Family visits to SPARK! should include participation in pop-up creative experiences.  SPARK! is not just an indoor playground. It is a creative experience that offers physical exploration and discovery in conjunction with the creative endeavor.   Our mission is “To ignite the spark of creativity inherent in all children.”

Pop-up opportunities vary by visit and explore creativity through dozens of art mediums, music, performance, dance, virtual reality and more.  These programs are designed for the family with children second grade and older and provide opportunities to innovate together.  
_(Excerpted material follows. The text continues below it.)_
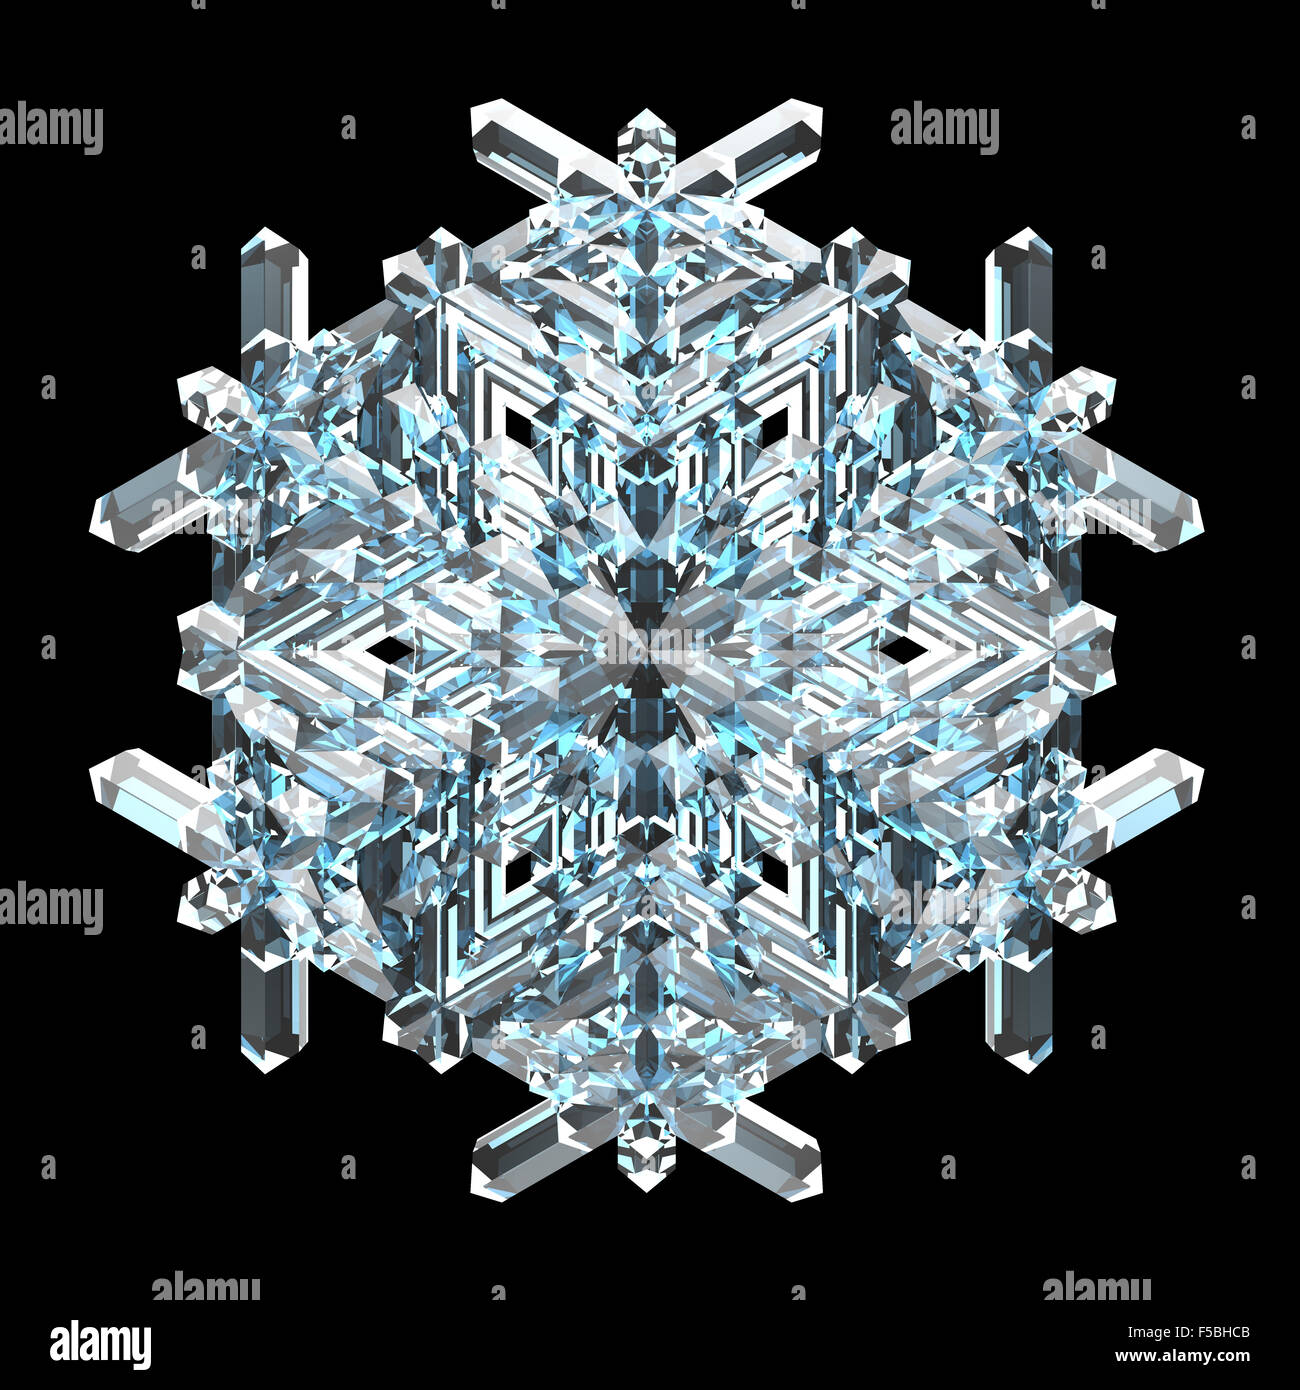 Single blue crystal snowflake on a black background - Stock Image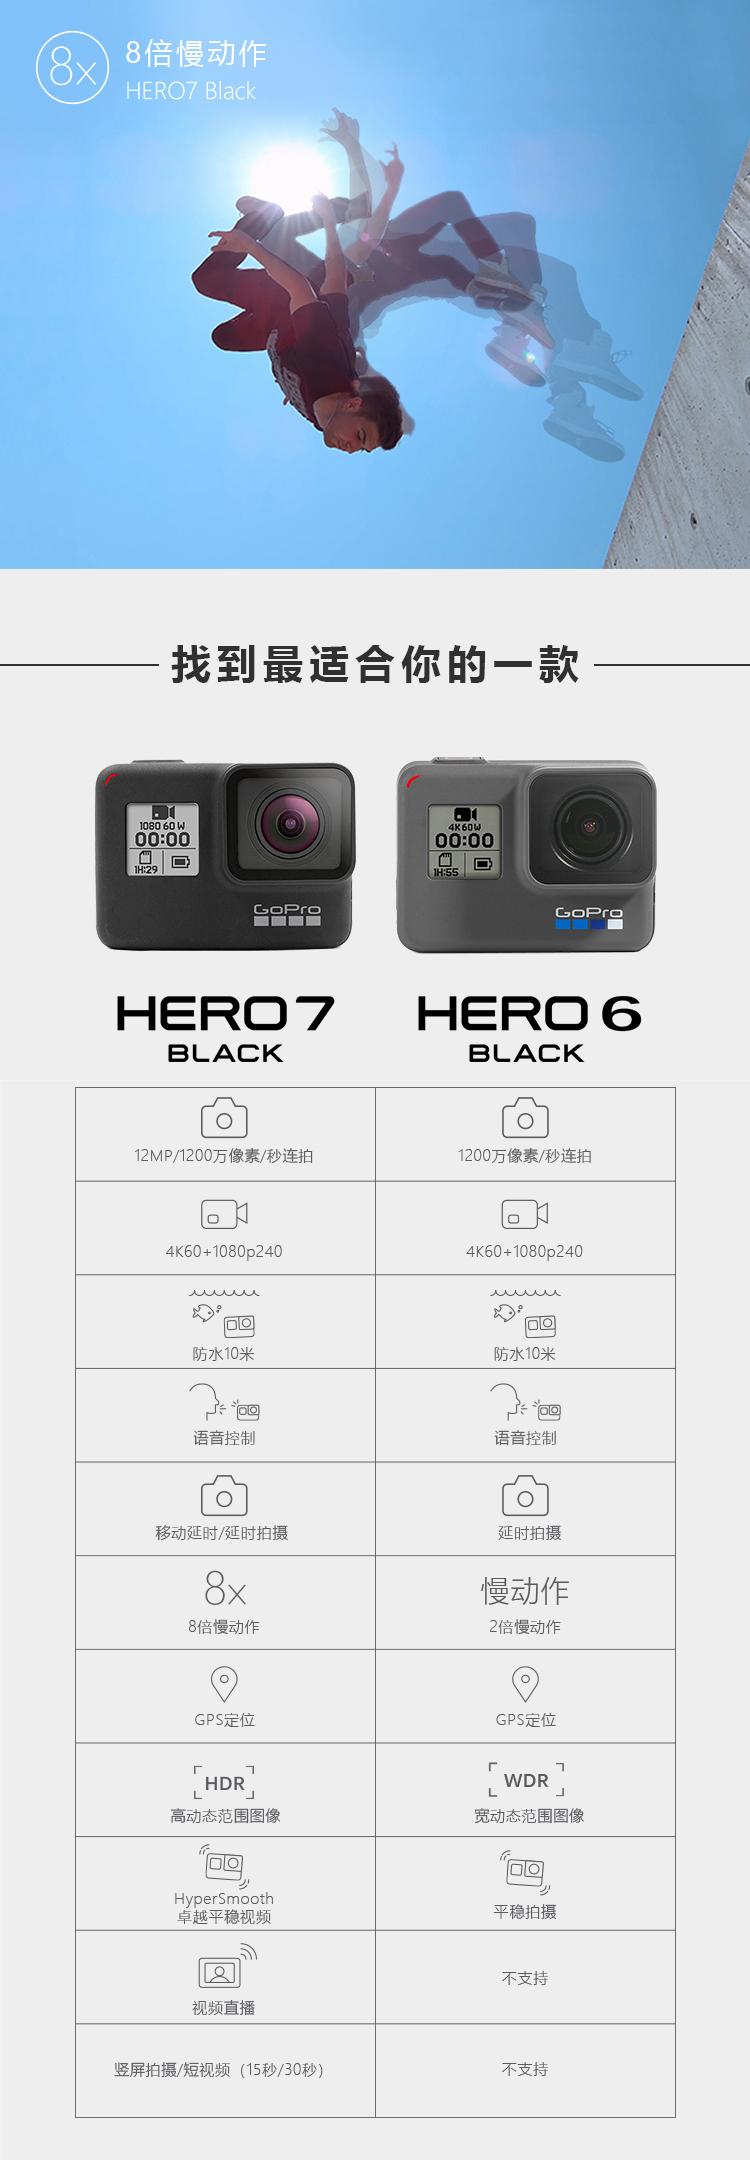 GoPro HERO7 BLACK运动相机4K高清语音防抖防水潜水摄像机狗6/5

Creative exercises provide a platform for children to practice patience, problem solving, social skills, and iteration.  In today’s academic environment, children are pressured to get the correct answer and are rarely offered the open-ended opportunity to explore alternatives, work through trial and error and yes, even fail.  SPARK! provides a safe place for all of this. 

Children who define themselves as creative have higher self-esteem, better problem-solving skills and go further in their education.  Parents who engage in creative and other learning opportunities with their children tend to have more positive and open relationships with their children.  Jane Dee Hull, the first female governor of Arizona, once said, “At the end of the day, the most overwhelming key to a child’s success is the positive involvement of parents.”

The family that creates together stays together.